You recharge the battery when it has run down.


----------



## languageGuy

To me, it is clearly not a phrasal verb, but a verb with a prepositional phrase.

The true test is whether the meaning of the verb remains the same without the preposition.

Consider the verbs here.

'She ran' has a different meaning than 'she ran down her friend.'

'Paul is working' means the same as 'Paul is working on his book.'

I would also disagree with JamesM.  You can say, "On what is Paul working?" (A little awkward, but correct.) The prepositional nature 'on' is revealed there.


----------



## JamesM

> 'Paul is working' means the same as 'Paul is working on his book.'


 
The meaning is not literal, though. It has a separate meaning from, for example, "Paul is standing on his book".  If this were a preposition it would be giving a location, wouldn't it? "Paul is working on the corner" is a prepositional use of "working on". "Paul is working on his book" has a different meaning.  Paul is not standing on his book while working.

As Winklepicker said, it can be a phrasal verb, depending on context.


----------



## winklepicker

JamesM said:


> The meaning is not literal, though. It has a separate meaning from, for example, "Paul is standing on his book".  If this were a preposition it would be giving a location, wouldn't it?


 
Exactly. You can work on an idea in your head and there is no physical prepositional _on_ here.



JamesM said:


> "Paul is working on the corner" is a prepositional use of "working on".


 
More probably Paula...


----------



## JamesM

winklepicker said:


> Exactly. You can work on an idea in your head and there is no physical prepositional _on_ here.
> 
> 
> 
> More probably Paula...


 
  That might actually be, "Paula is working the corner", with no "on".


----------



## panjandrum

languageGuy said:


> To me, it is clearly not a phrasal verb, but a verb with a prepositional phrase.[...]


There are two different lists of phrasal verbs that include *work on*.
The OED says:


> With onward movement or action; continuously. Chiefly forming phrasal verbs with the sense ‘to continue to do’ the action being specified by the verb, as *to speak on*, *hold on*, *work on*, *wait on*.


Oh!  That is not the same _*work on*_ that the phrasal verb sites give.

_We snatched what we'd brownbagged while we worked on._


----------



## .   1

winklepicker said:


> I beg to differ.  See this very useful dictionary of phrasal verbs. There's nothing colloquial or informal about the term (though you might consider it TEFL/TESL specific jargon).

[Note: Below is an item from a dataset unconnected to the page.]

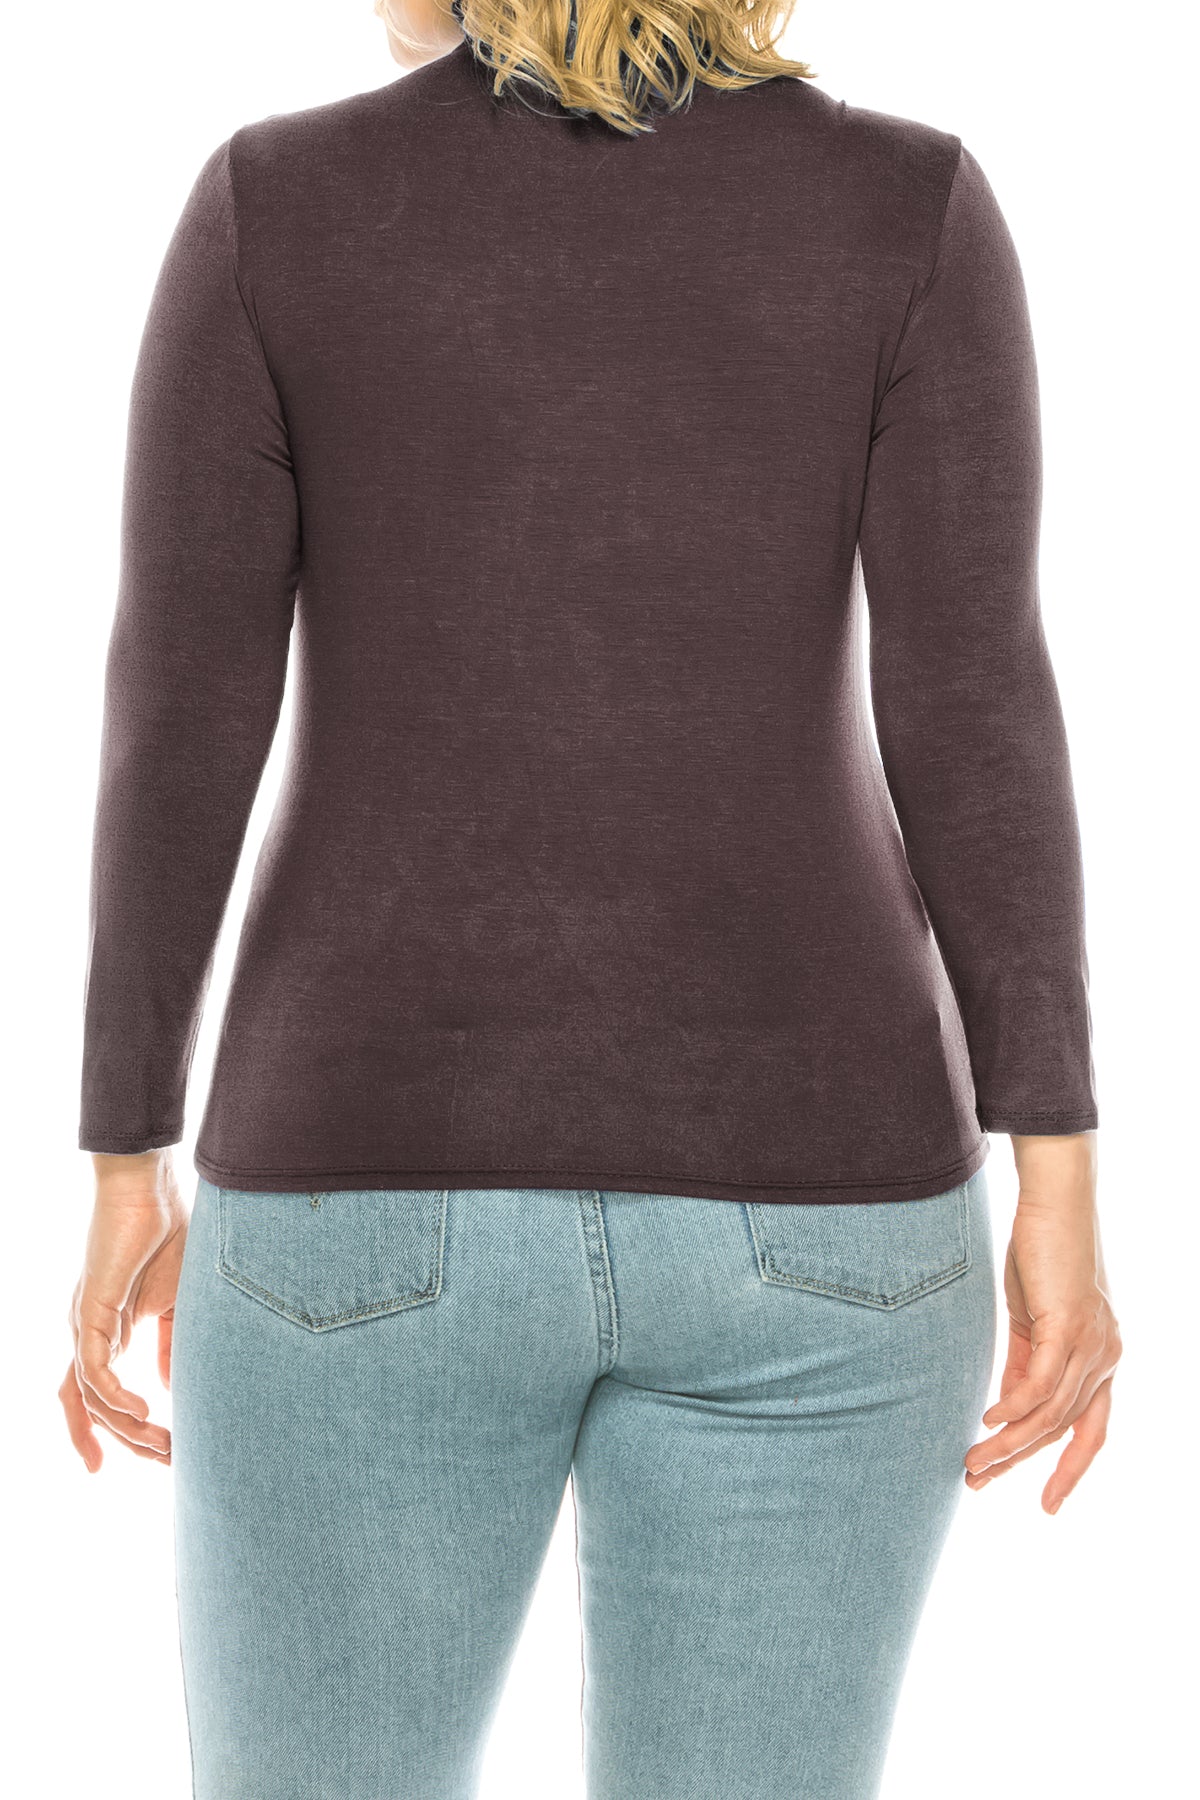 Women's Plus Size Casual Fitted Long Sleeve Solid Turtleneck Sweater Tops Shirts

The Cambridge Advanced Learner's Dictionary thinks that 'ran down' is _informal_.
I had always thought that the use of 'ran down' as in, 'She ran down her friend', to be colloquial. The link you proffered did not seem to address 'ran down' but perhaps I was just not looking properly.

.,,


----------



## elroy

We had this debate once.

It depends on your definition of a phrasal verb.

To me, it's not enough for the combination to have a different meaning from the isolated verb.

To me, a phrasal verb consists of a verb and an *adverb* - not a preposition. If there is a prepositional relationship between the word following the verb and the object, we have a normal prepositional phrase influencing the meaning of the verb.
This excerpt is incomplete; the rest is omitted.